Militia fever broke out in earnest late in the meeting when an
NRA member from Arizona offered a resolution from the floor,
supporting militia. Crying that the whole world was watching, the
NRA leadership sent in a triage team to prevent the fever's
spread. At the board meeting last February, officials anticipated
that militias might become an issue in the future. In fact,
February was the month when Metaksa had a secret dinner with the
leaders of the Michigan Militia - the same militia whose local
meetings Timothy McVeigh reportedly attended on several occasions.
Militia commander Ken Adams said on Nightline that he
complained about NRA President Tom Washington, who was arguing
that the NRA should not align itself with militias. He said
Metaksa agreed that Washington was " a problem to the
NRA." Metaksa declined to comment on the meeting, but
LaPierre responded that the militia asked for NRA money at a brief
meeting and was refused.
When the resolution supporting militias was offered, the
leadership was ready. Bill Davis, a board member from Atlanta,
immediately offered a prepared draft with on-the-one-hand,
on-the-other-hand wording as a substitute resolution. It said:
"The NRA does not approve or support any group activities
that properly belong to the national defense of the police.
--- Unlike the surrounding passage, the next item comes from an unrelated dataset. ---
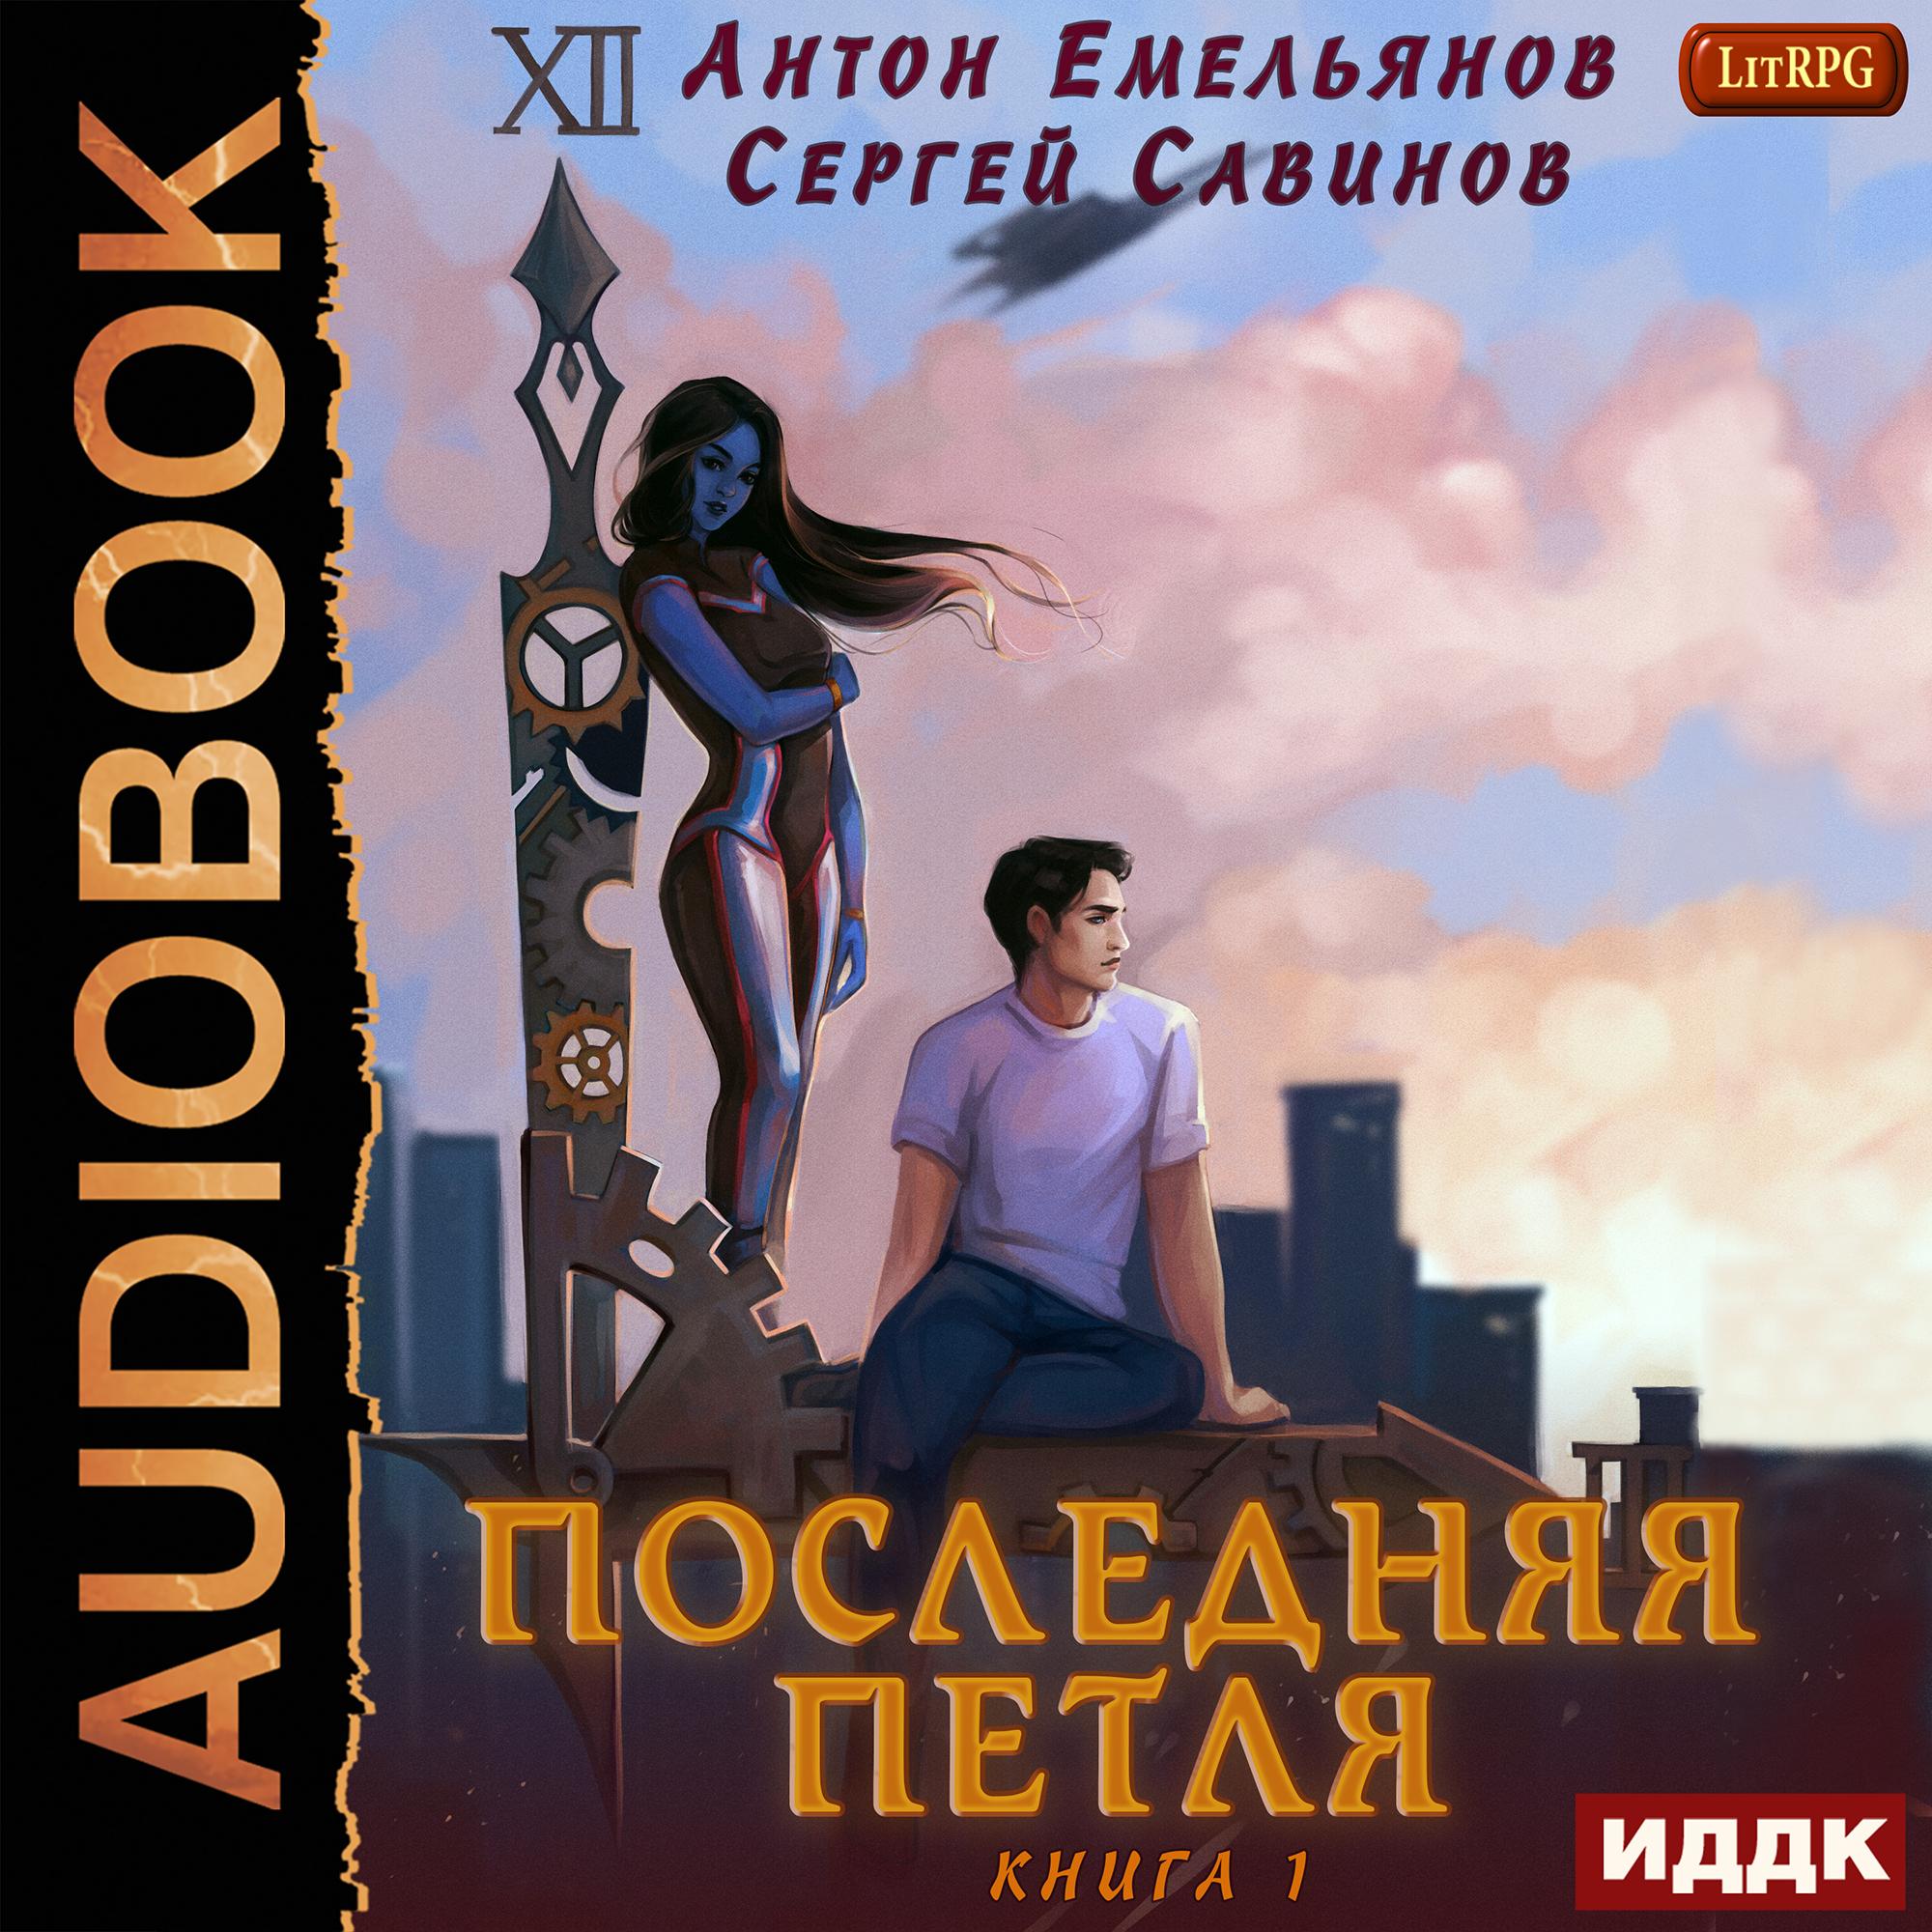 Антон Емельянов, Сергей Савинов Последняя петля. Книга 1 (цифровая версия) (Цифровая версия)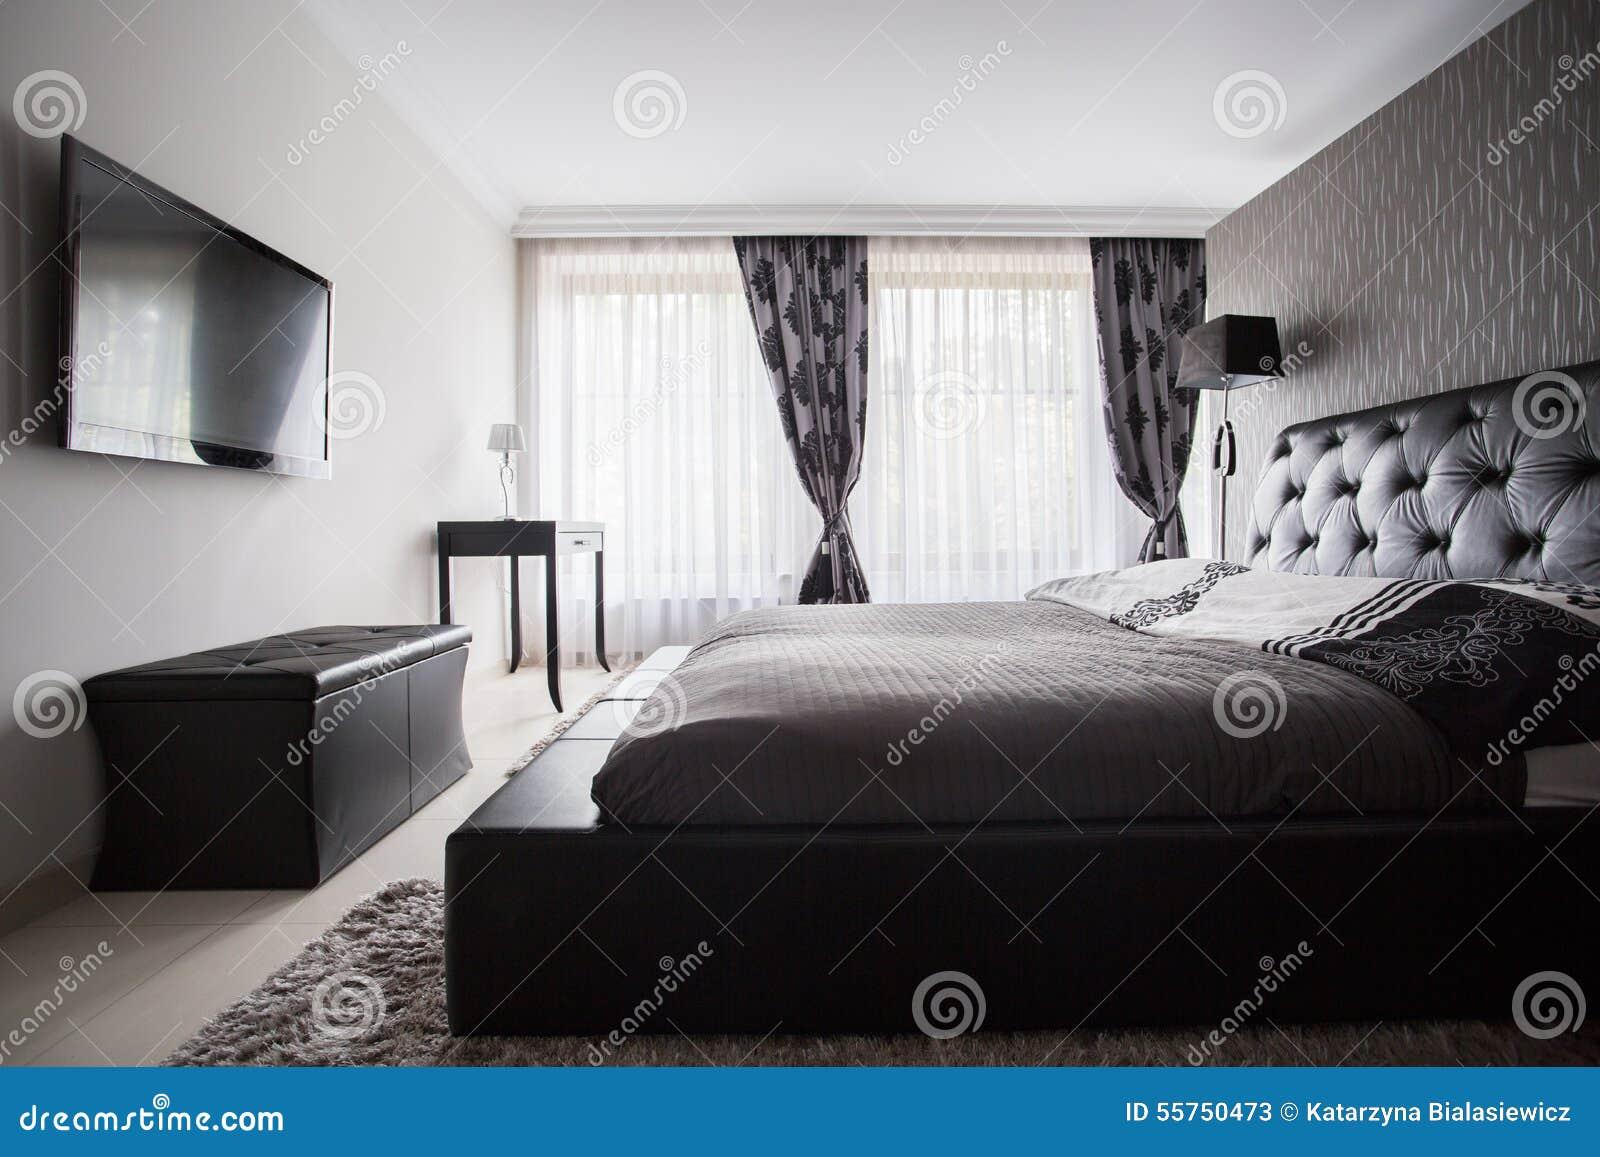 Camere Da Letto Moderne Grigie: Modello camere da letto moderne ...

"The NRA strongly supports the Constitution…which
guarantees the right of citizens to participate in militias for
proper, lawful and constitutional purposes.
"Although the NRA has not been involved on the formation
of any citizen militia units, neither has the NRA discouraged nor
would the NRA contemplate discouraging exercise of any
constitutional right."
After a half-hour of vigorous debate, the substitute resolution
won the vote.
Davis told me that until November 1994, the NRA didn't have any
real policy on the militia. It still doesn't appear to . The
substitute resolution was simply a compendium of resolutions
already on the NRA books, some apparently contradicting others.
The resulting parliamentary muddle is the result of the divide
that bedevils the NRA. The organization cannot afford to be seen
as a militia mouthpiece particularly when lobbying Congress. Yet
the NRA also cannot afford to spurn the militias, which are
attractive to a significant number of its most active members. For
instance, of the 1,245,000 members who were mailed ballots for the
last NRA election, in May, only 95,000 bothered to vote to elect
such board members as T.J. Johnston and Neal Knox. The 7.7 percent
participated rate was the lowest in memory.
The core of hard-line activists, as well as the gap between the
NRA's positions and national public opinion (which opposes
measures such as a repeal of the assault weapons ban), has caused
the NRA to increasingly rely on the muscle of its most fervent
supporters.
While the NRA is the biggest player in terms of money and
publicity, the gun lobby is in fact much broader, with tentacles
that reach not only up into Congress but also out to the margins
of American society that Identity believers and anti-government
conspiracy theorists inhabit. In that sense, Larry Pratt is
emblematic of today's gun lobby: He has one foot in the political
mainstream and the other in the fringe.
Just how Pratt is helpful to allies in the mainstream was
explained by T.J. Johnston. "I am a member of Gun Owners of
America," Johnston told me as he stood outside the Phoenix
convention center auditorium, handing out leaflets plugging his
re-election to the board. 'I support Larry Pratt. He leads the
edge. He's out there in front, fighting hard." Texas Rep.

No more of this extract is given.